Pretend that tasks are "assignments" or "tests," requesters are "teachers/professors" or "graders," and workers are "students." As a high school student, this reminds me of the free response sections on AP/IB exams and the essay section on the SAT/ACT. Students come from a variety of different backgrounds, and what may be an "amazing" essay/answer for one student may be a "horrible" one for another; to the grader, the essay/answer may be perceived as simply "mediocre." The problem of standardization comes up: what qualifies as a 12/12 on the essay (for the SAT/ACT), and what qualifies as a perfect score, or a sub-par score, on an AP/IB exam?
Fortunately for students, College Board (as well as other standardized test companies) releases sample/example responses to questions. For example, on the SAT Critical Reading section, there is always a sample question at the beginning of each section:
Now, students get a basic idea of what the graders are looking for. That's why, when studying for the SAT/ACT, students often take a look at several released exams: they want to be synced with the test and the grader. But these sample tests released by College Board only contain right answers--what about "partially right" and "wrong" ones? College Board, for the SAT essay and AP free response questions, releases sample student responses for all three categories ("completely right," "partially right," "and completely wrong"). Here is a sample student response, for example:
The above image shows part of a completely correct response, but College Board also gives responses for the other two categories. Not only does it give a score to each student response but also a reason for why an incorrect response is wrong.
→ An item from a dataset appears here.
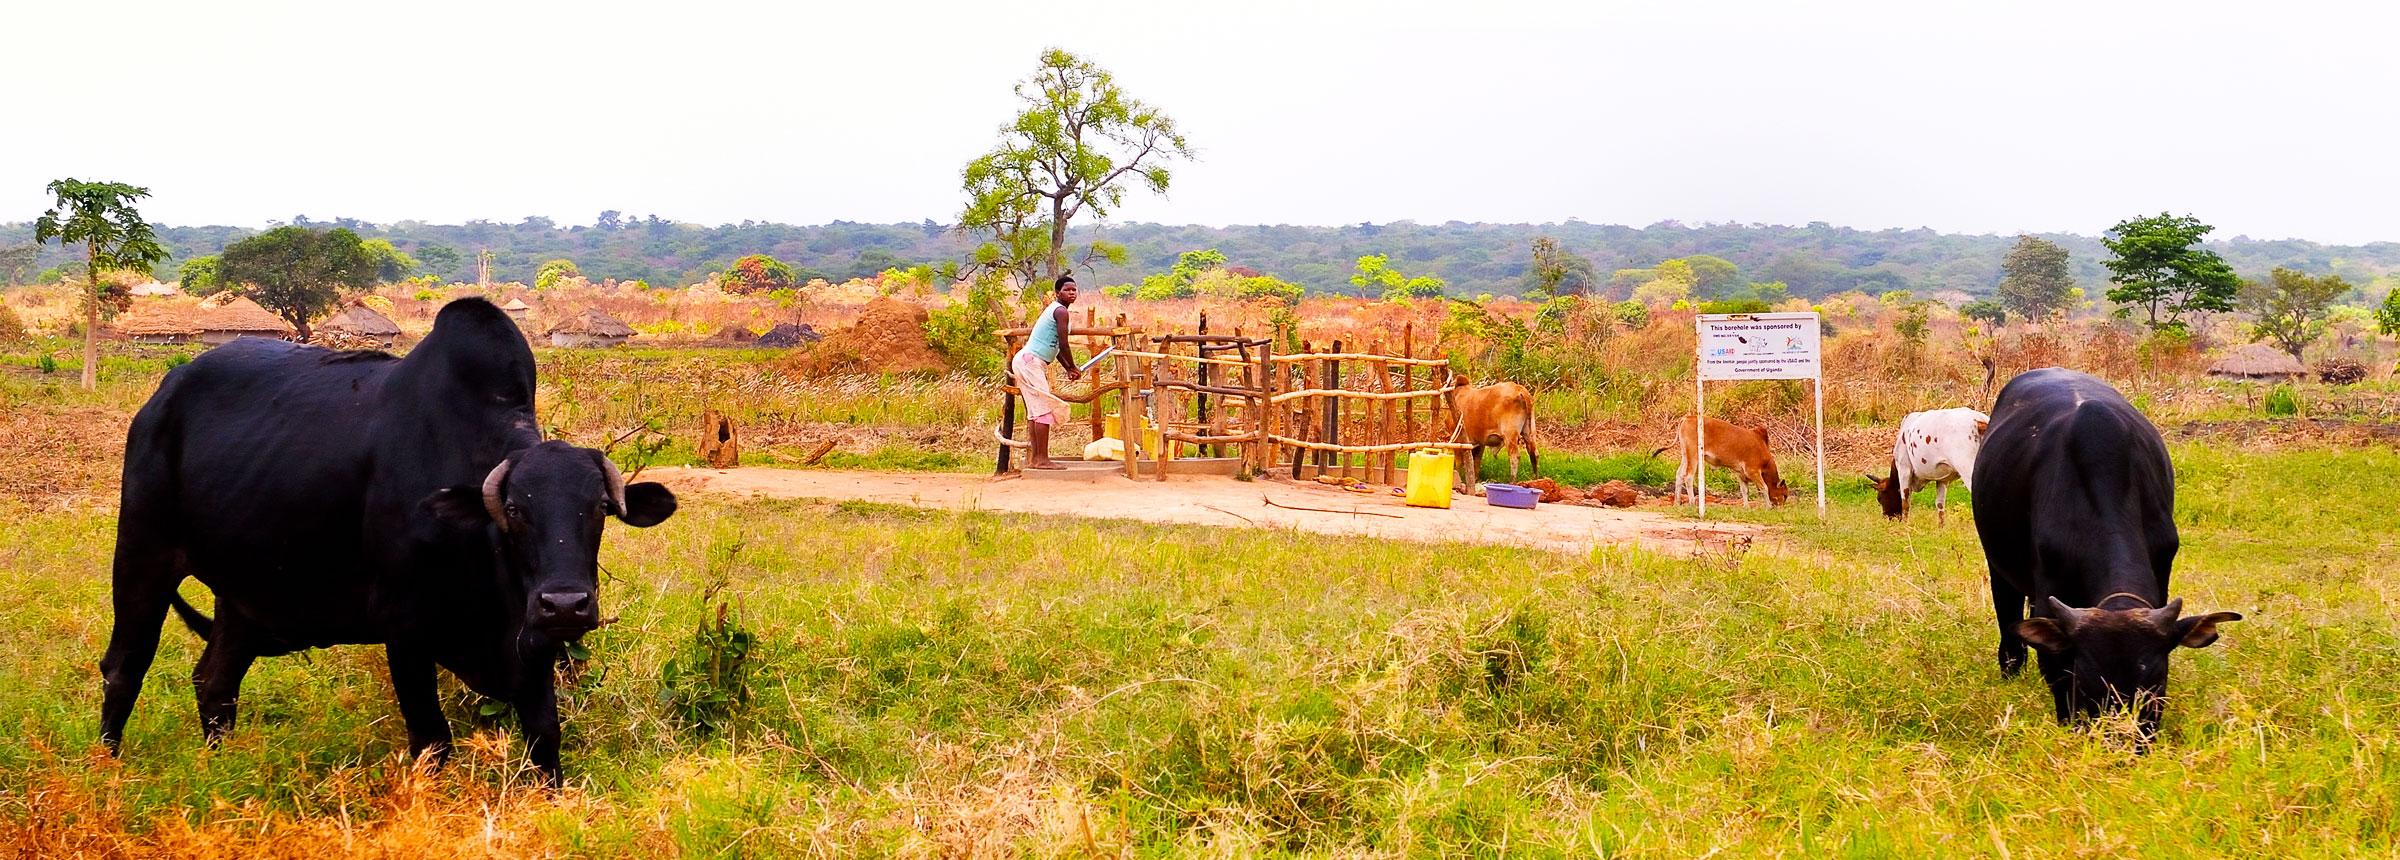 Ugandan woman drawing water at well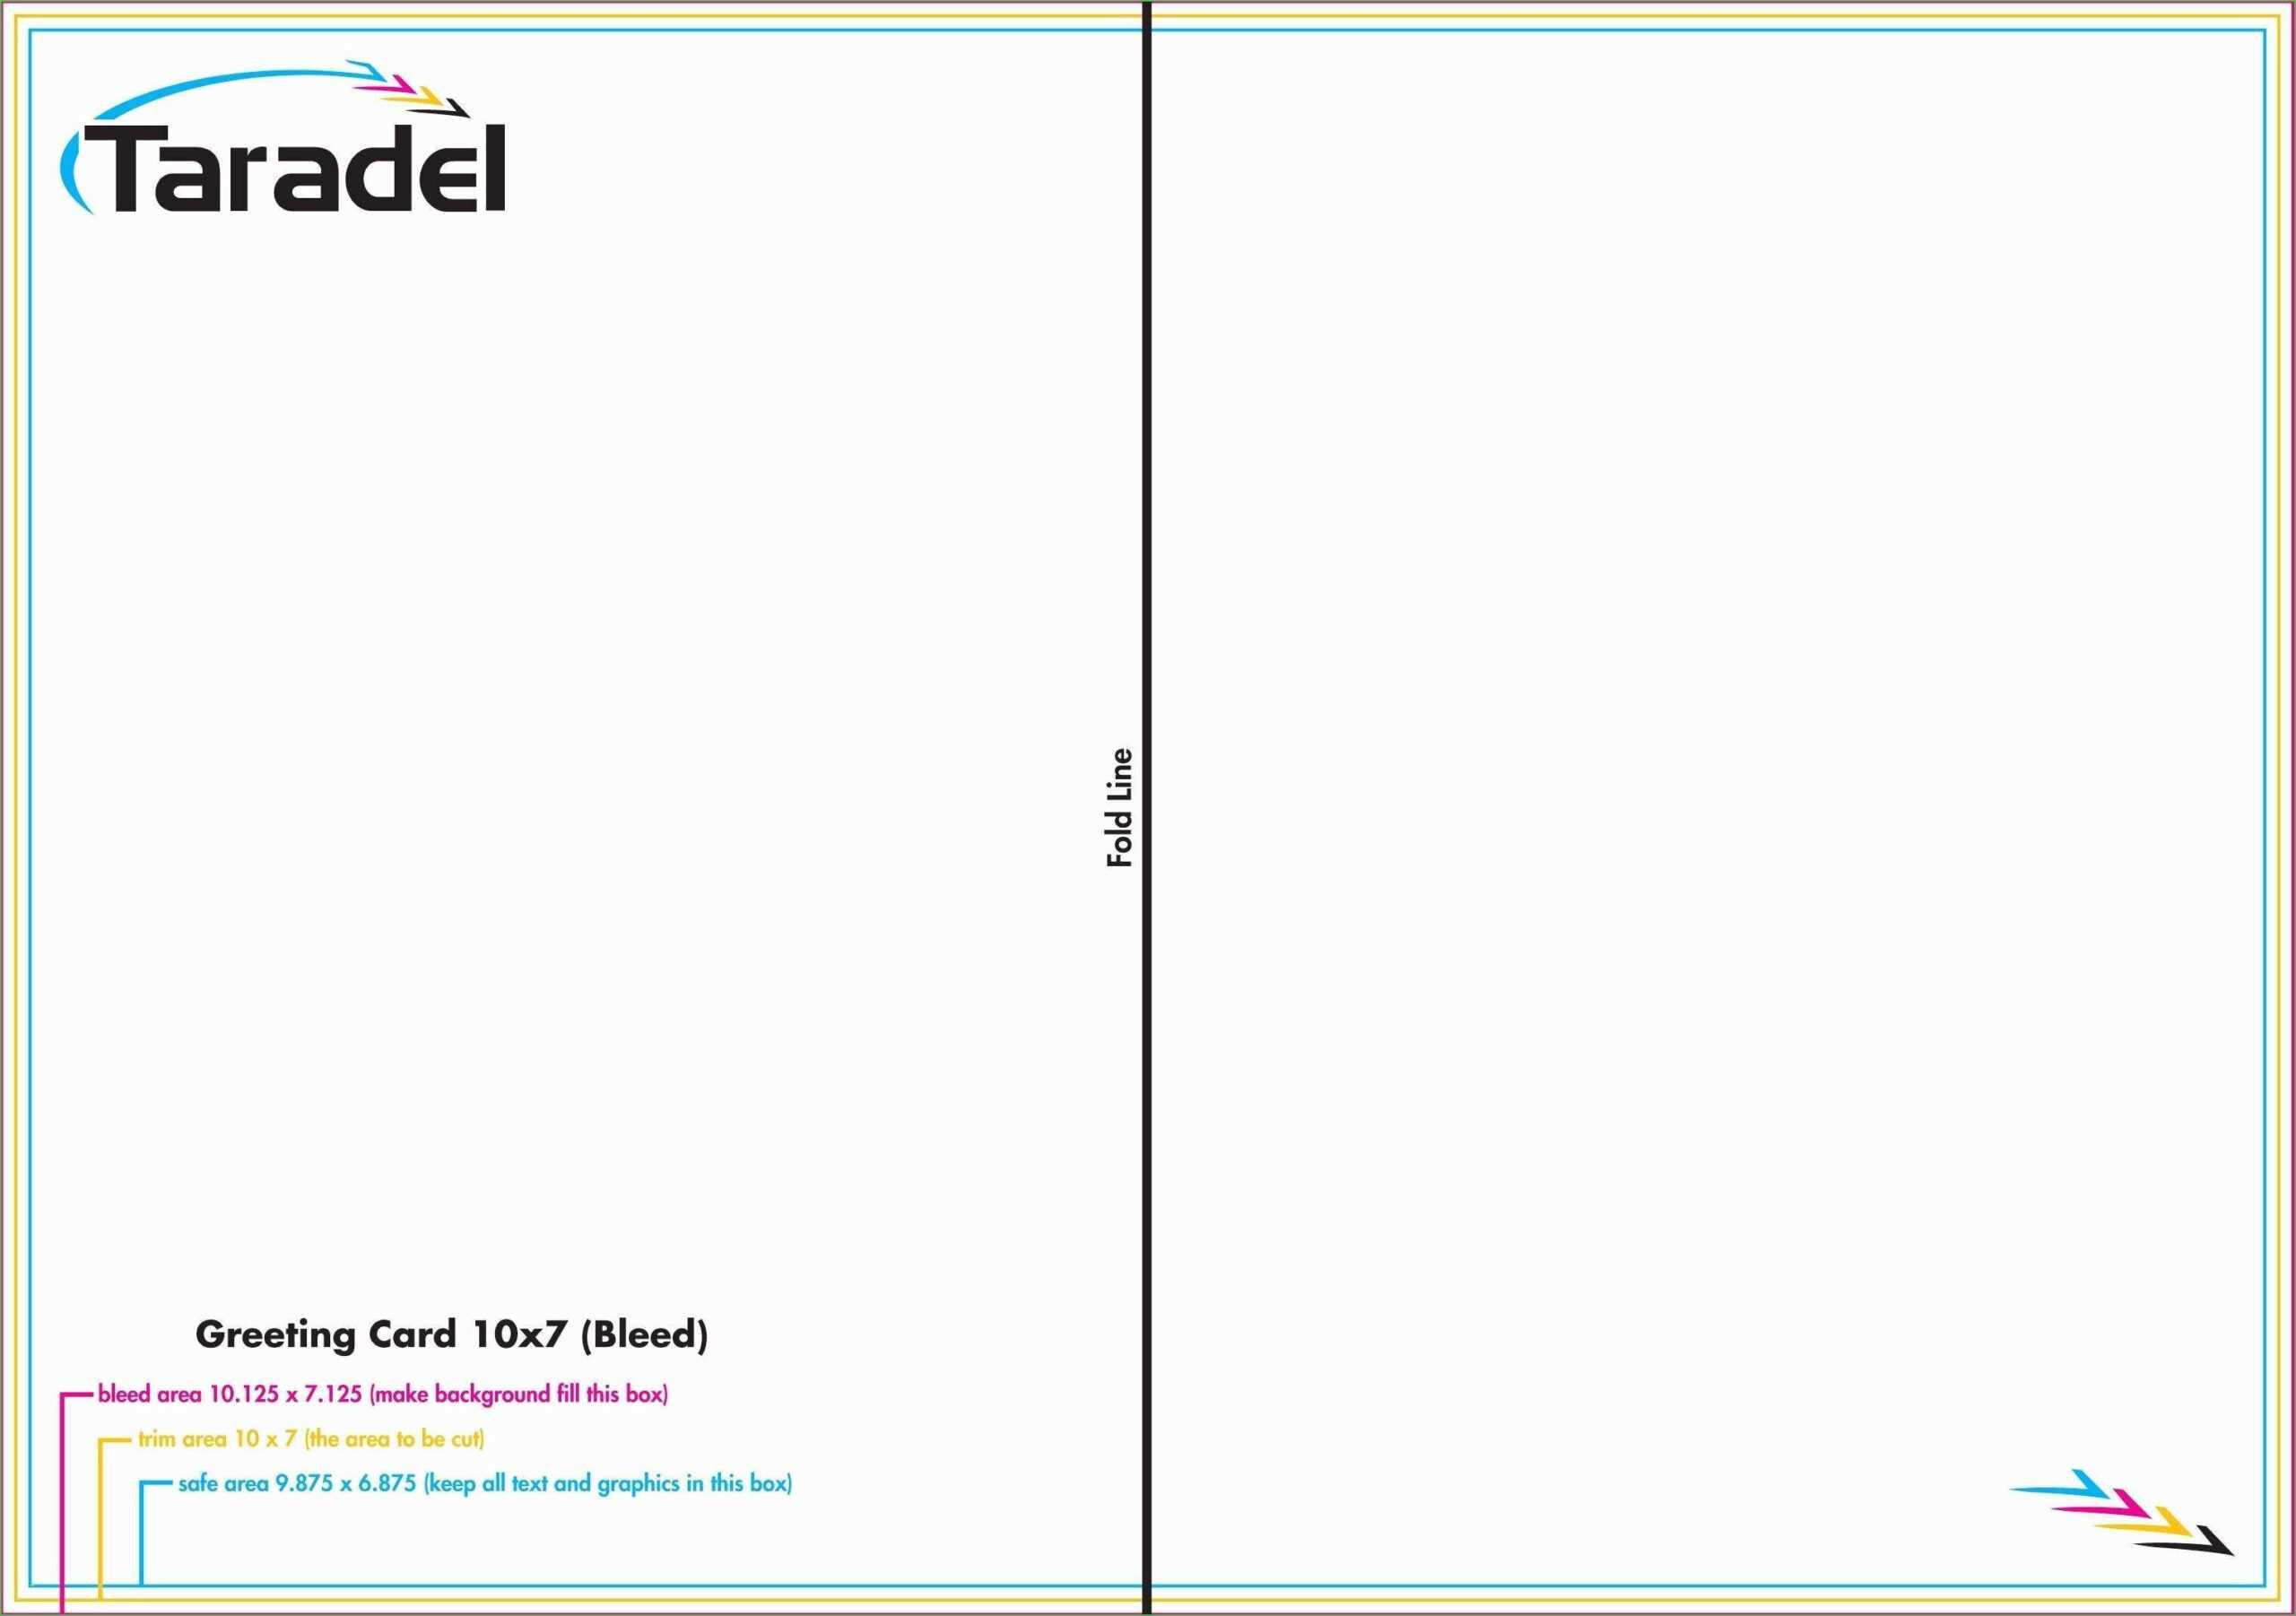 003 Quarter Fold Card Template Photoshop Indesign Greeting For Indesign Birthday Card Template

As a student, I can look at these responses to gain a better understanding of why my answers (during the test, but for a different question) may be marked incorrect. For example, sometimes, AP graders have strict rules on what must be part of a correct answer, and it is quite possible that on MTurk, requesters might too.
Now, what if MTurk had a similar feature enabled? Something like this:
Clicking the boxed link would allow the worker to view sample responses (HITs) for the task. These include 1-2 sample responses created by the requester (similar to the SAT sample response created by the "grader"), which give workers an accurate idea of what quality of work requesters are looking for, as well as a random sample of HITs (not chosen by the requester) submitted by other workers (similar to the AP sample response). This sample of HITs should include those that were both accepted and rejected as well as the comments that the requester gave (especially if the HIT was rejected) to the worker.
The two worker-side goals are now satisfied: I now know what quality of work the requester is looking for because he/she gave sample responses for what constitutes an "accepted HIT," and I know what quality of work other workers are submitting and how the requester felt about their work. Before even submitting a single HIT, I have an increased level of confidence that my work should be accepted because work of a similar (or perhaps lower) quality was accepted.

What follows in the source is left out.